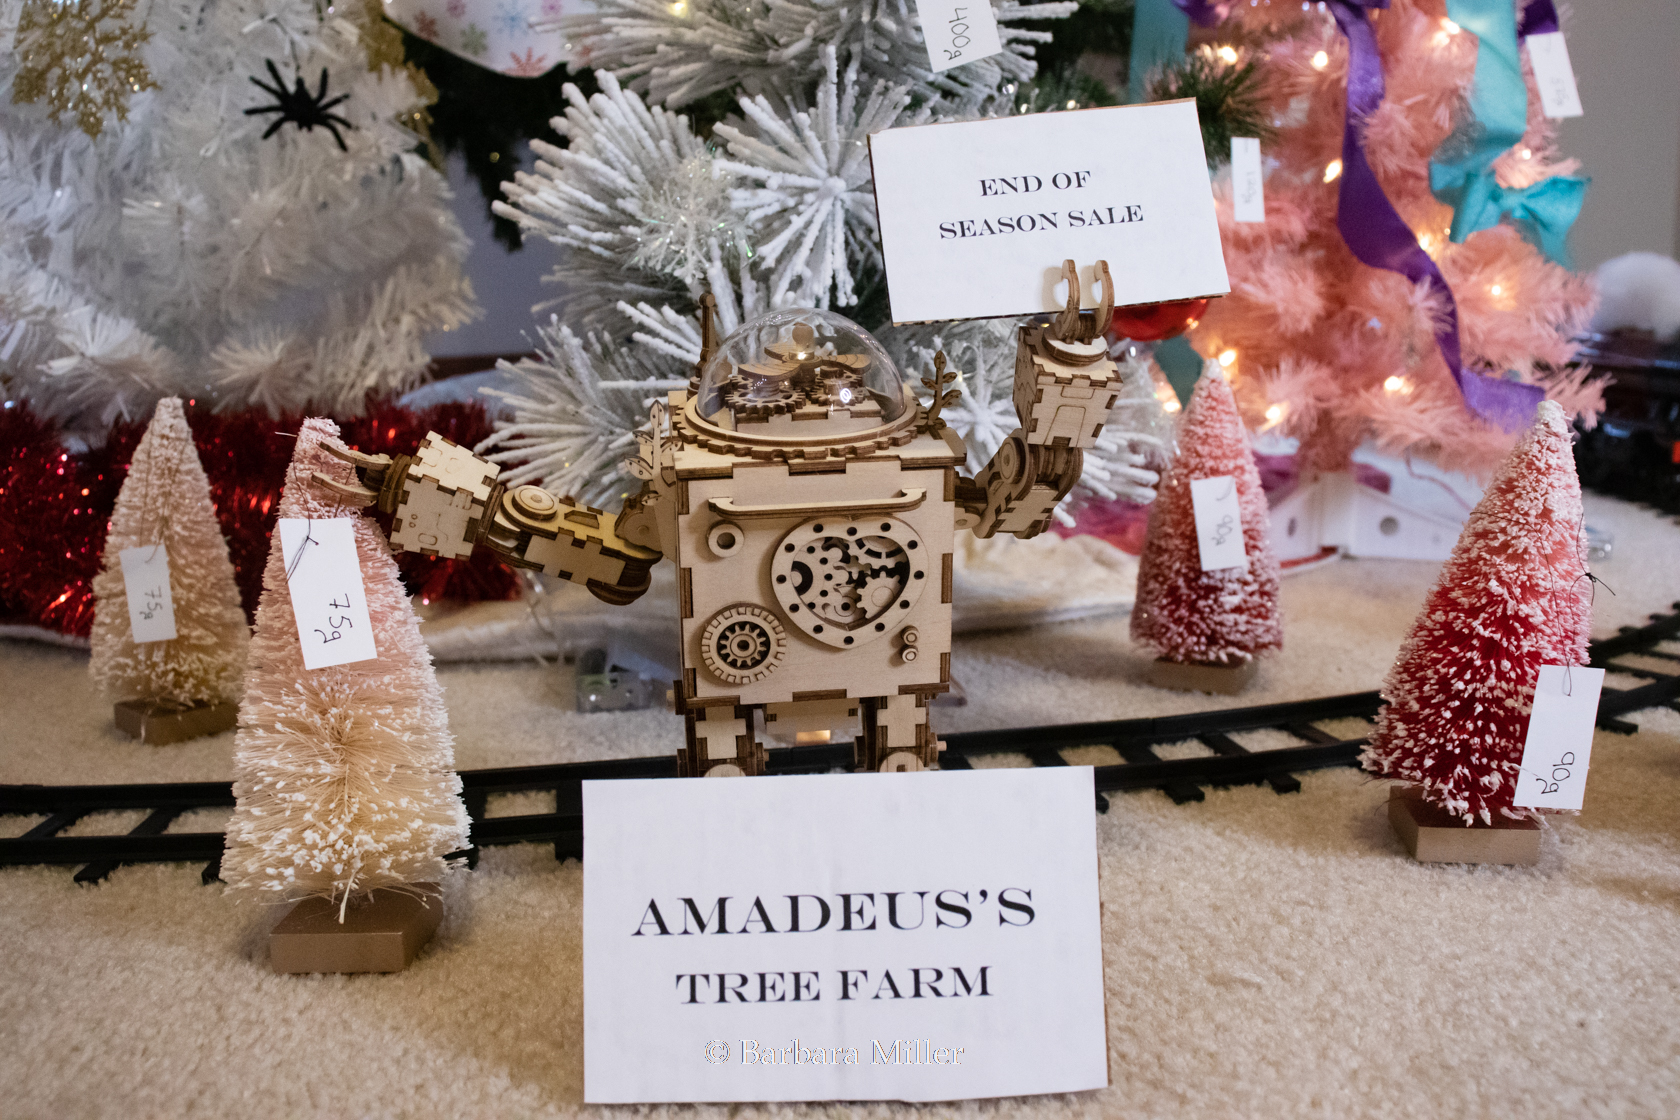 Amadeus’s Tree Farm: End of Season Sale
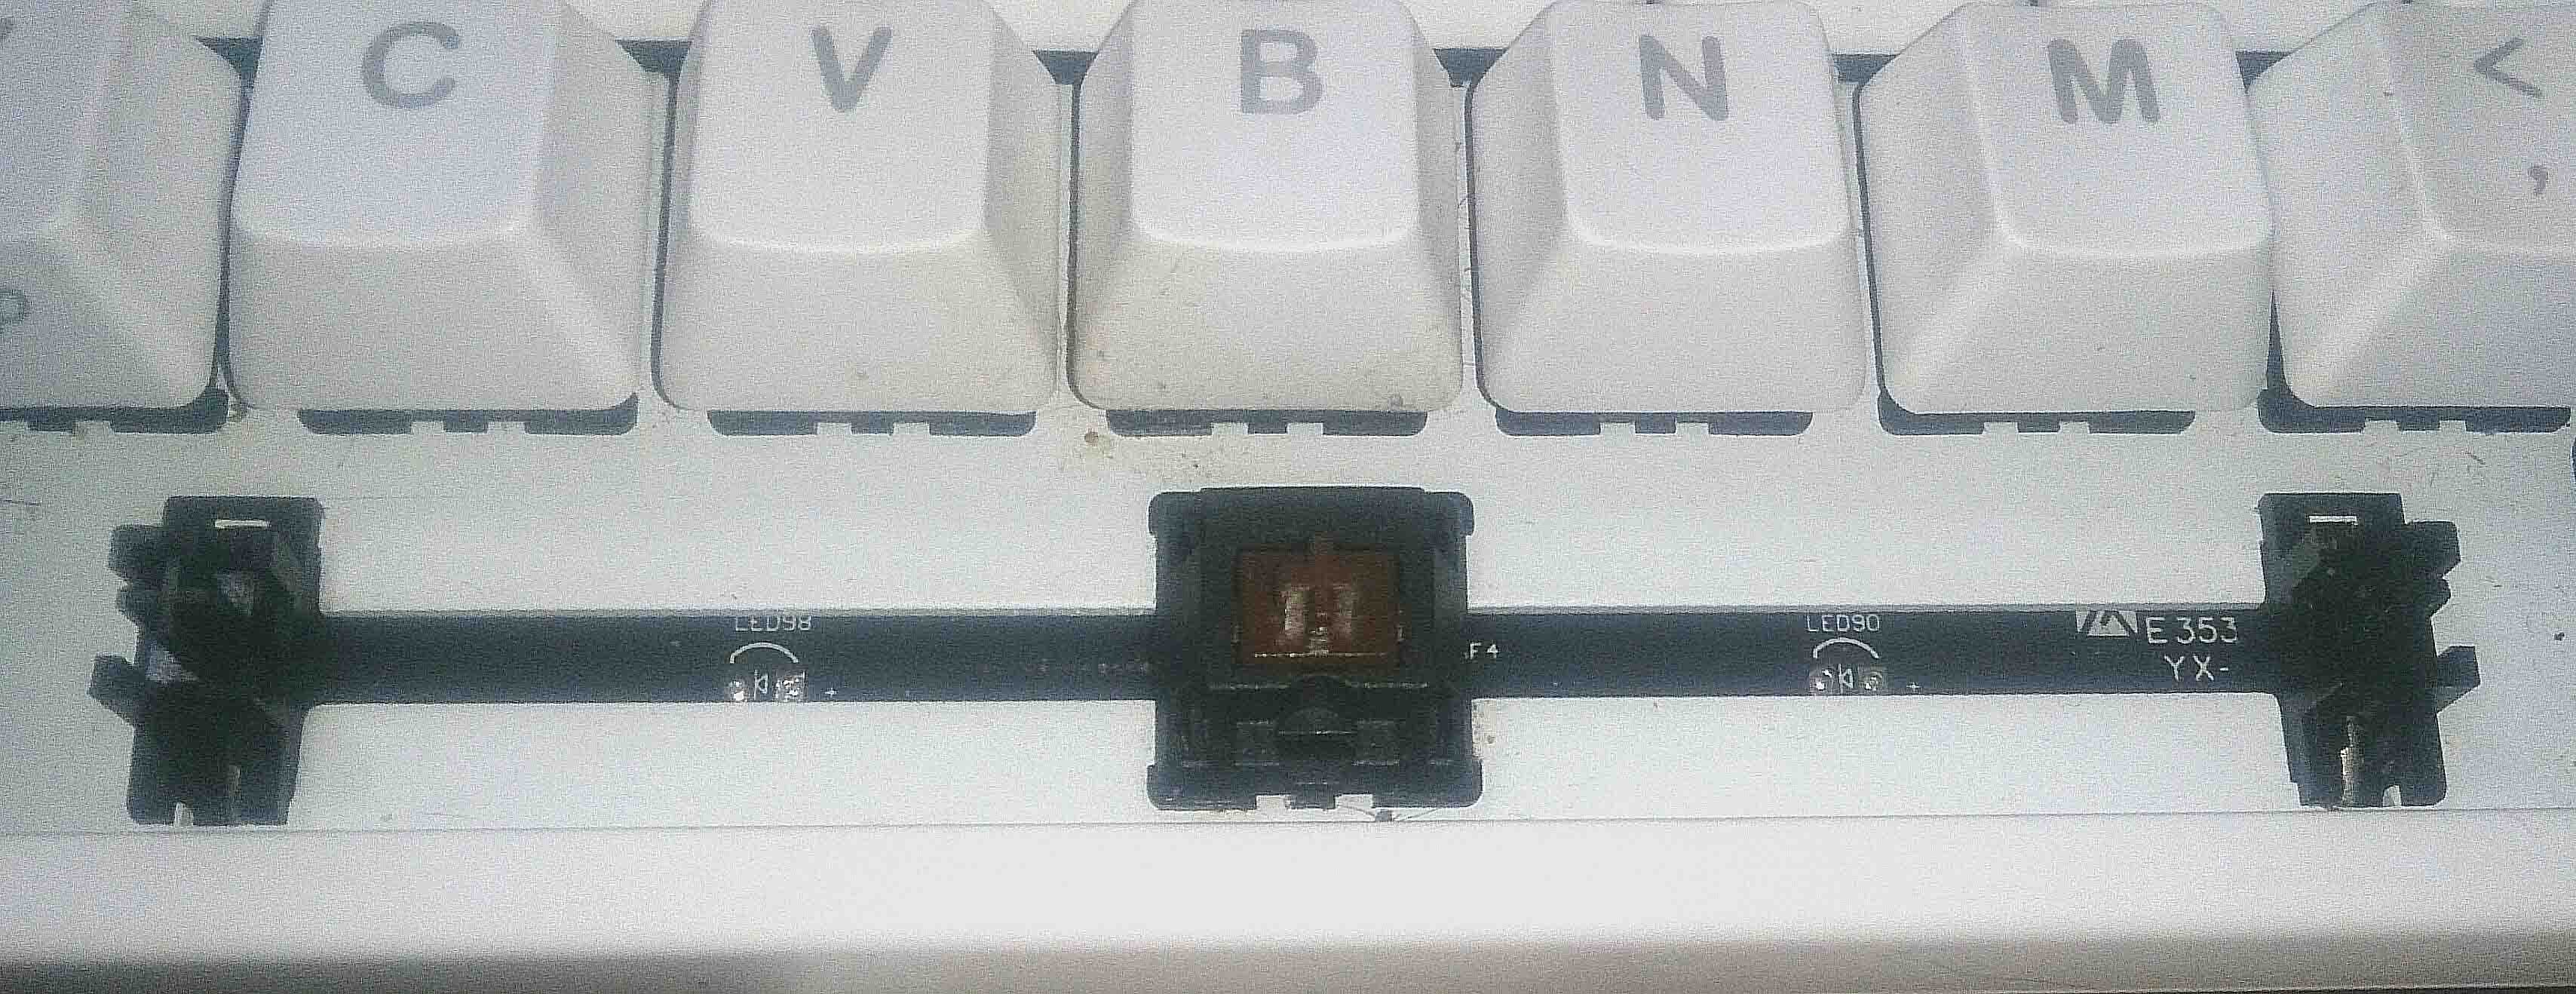 cherry机械键盘的空格键很松,是为什么?
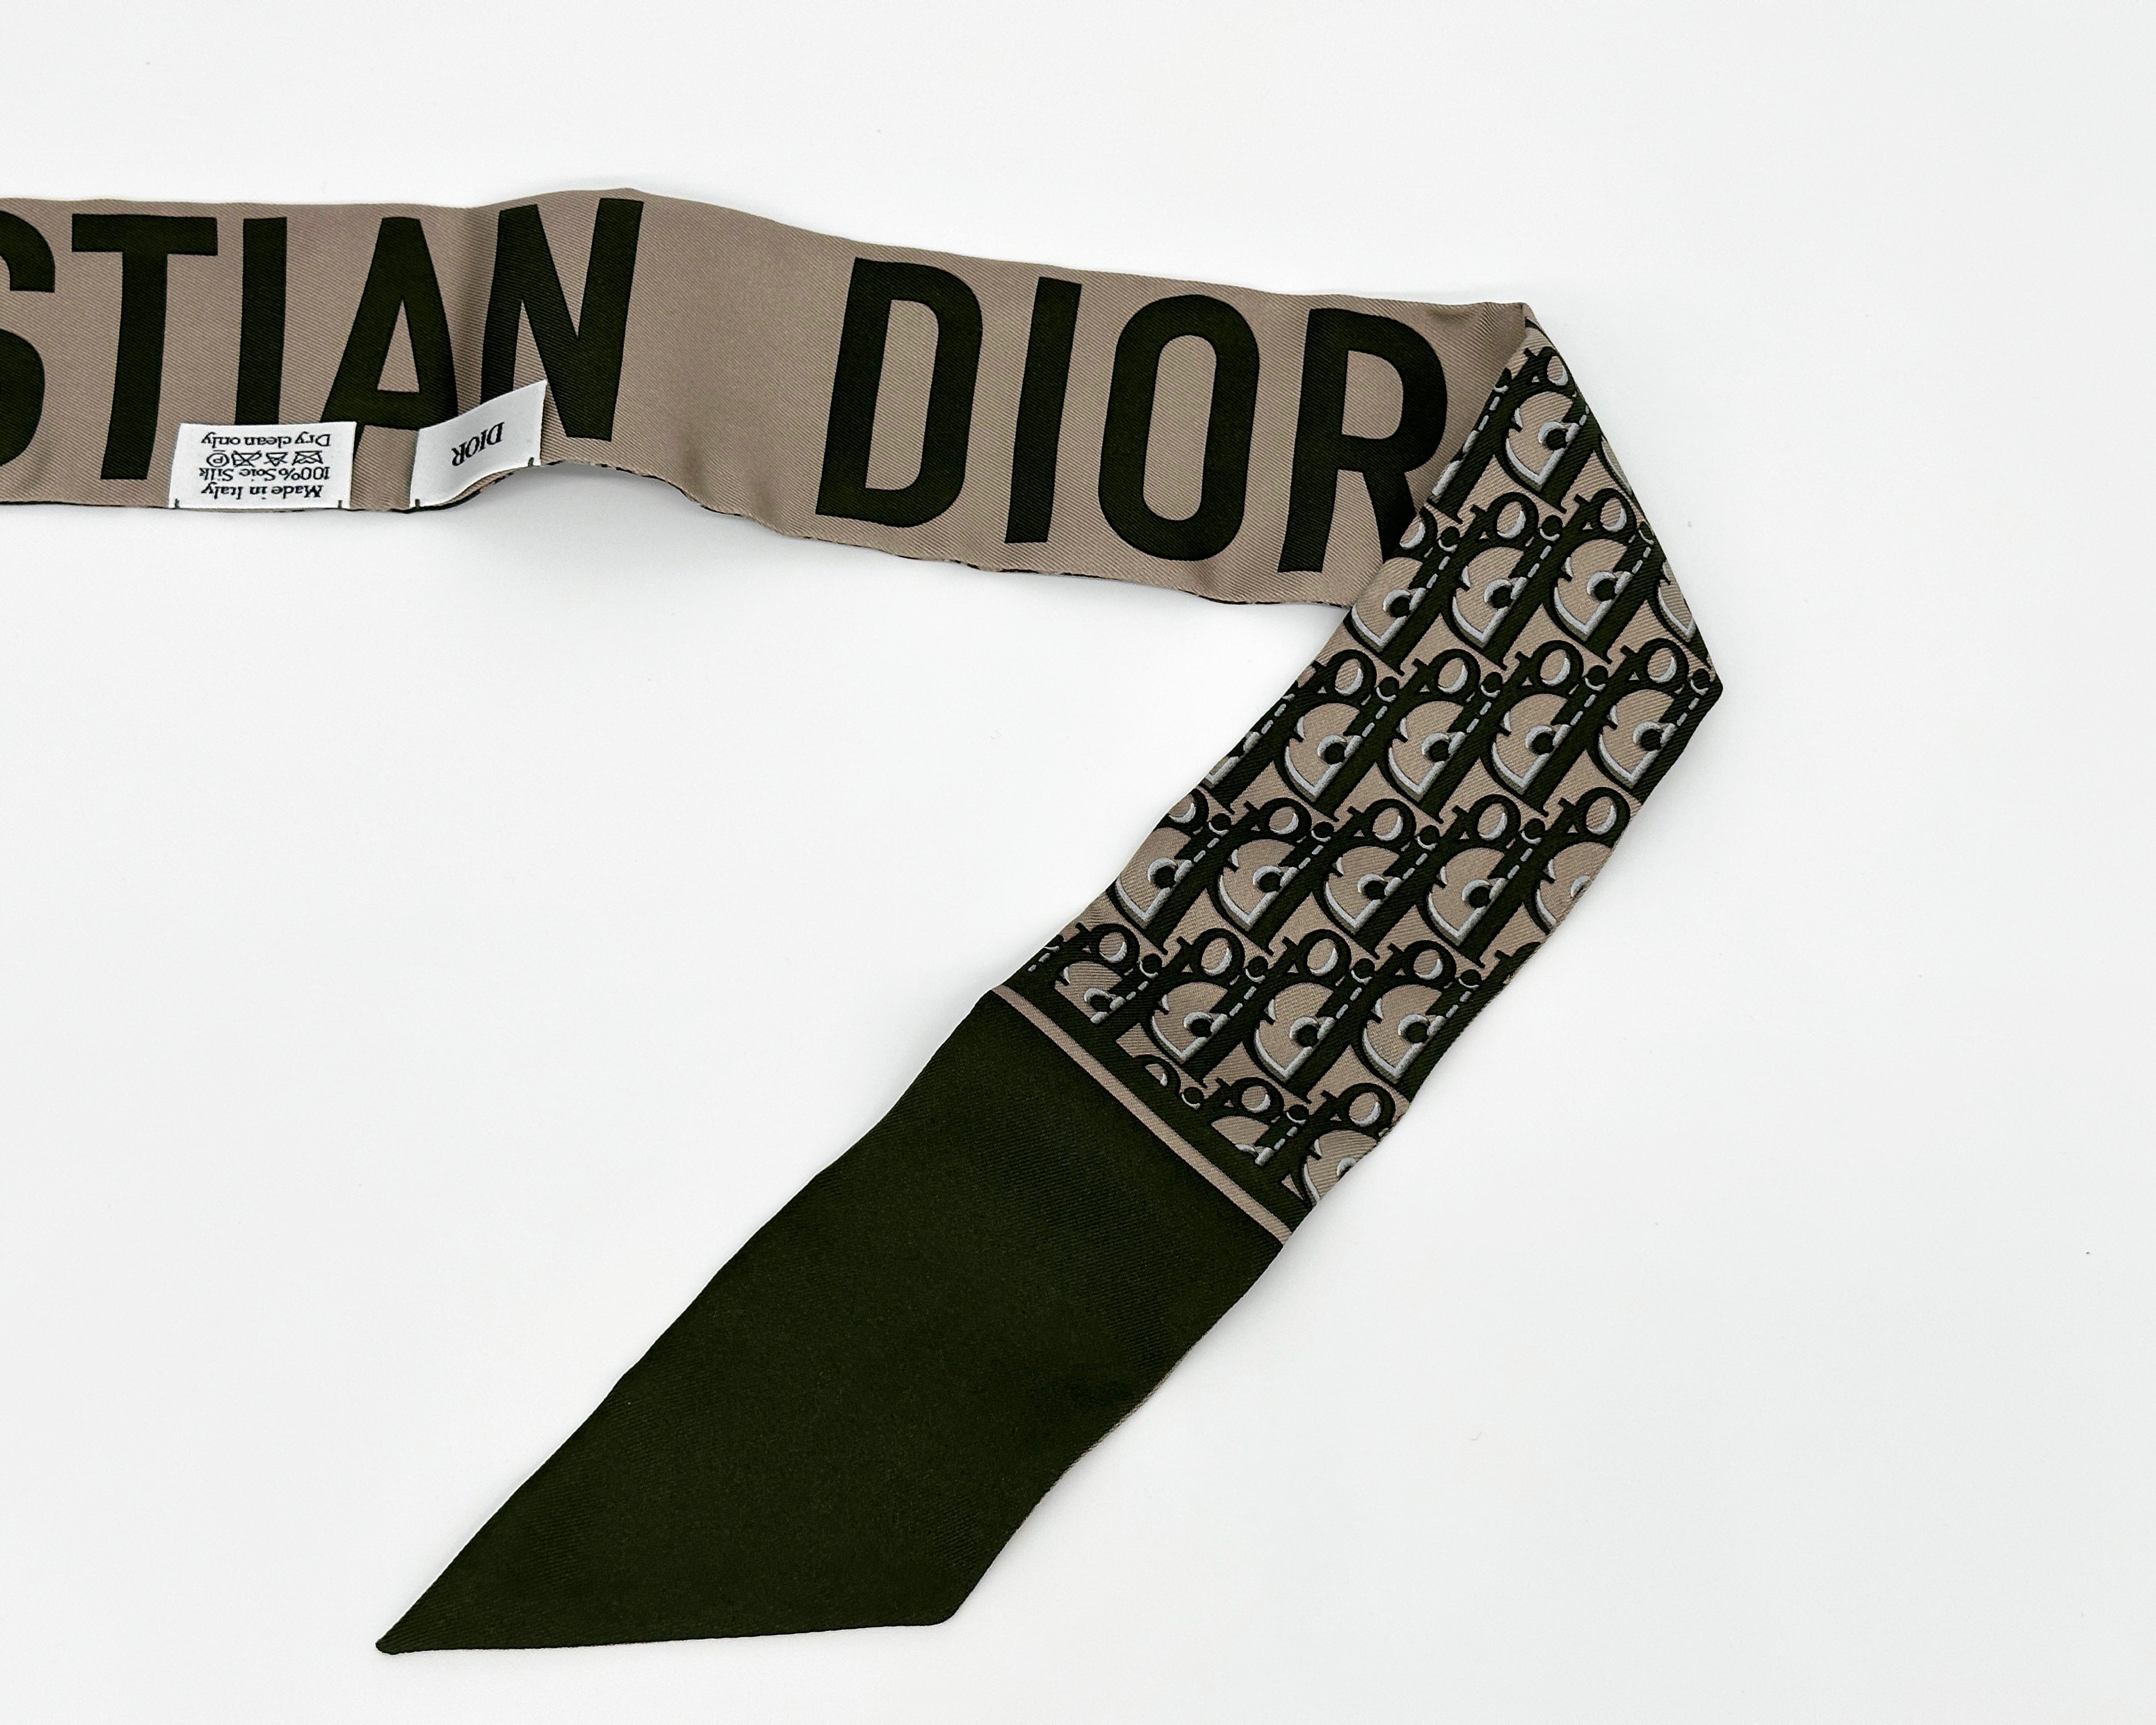 Écharpe Mitzah Christian Dior

• [Work required] Copy word for word every line from the one holding "cherry机械键盘的空格键很松,是为什么?" to the end of the listing, both ends included, but do not copy any pictures.

• [Result below]
 cherry机械键盘的空格键很松,是为什么?
 Écharpe Mitzah Christian Dior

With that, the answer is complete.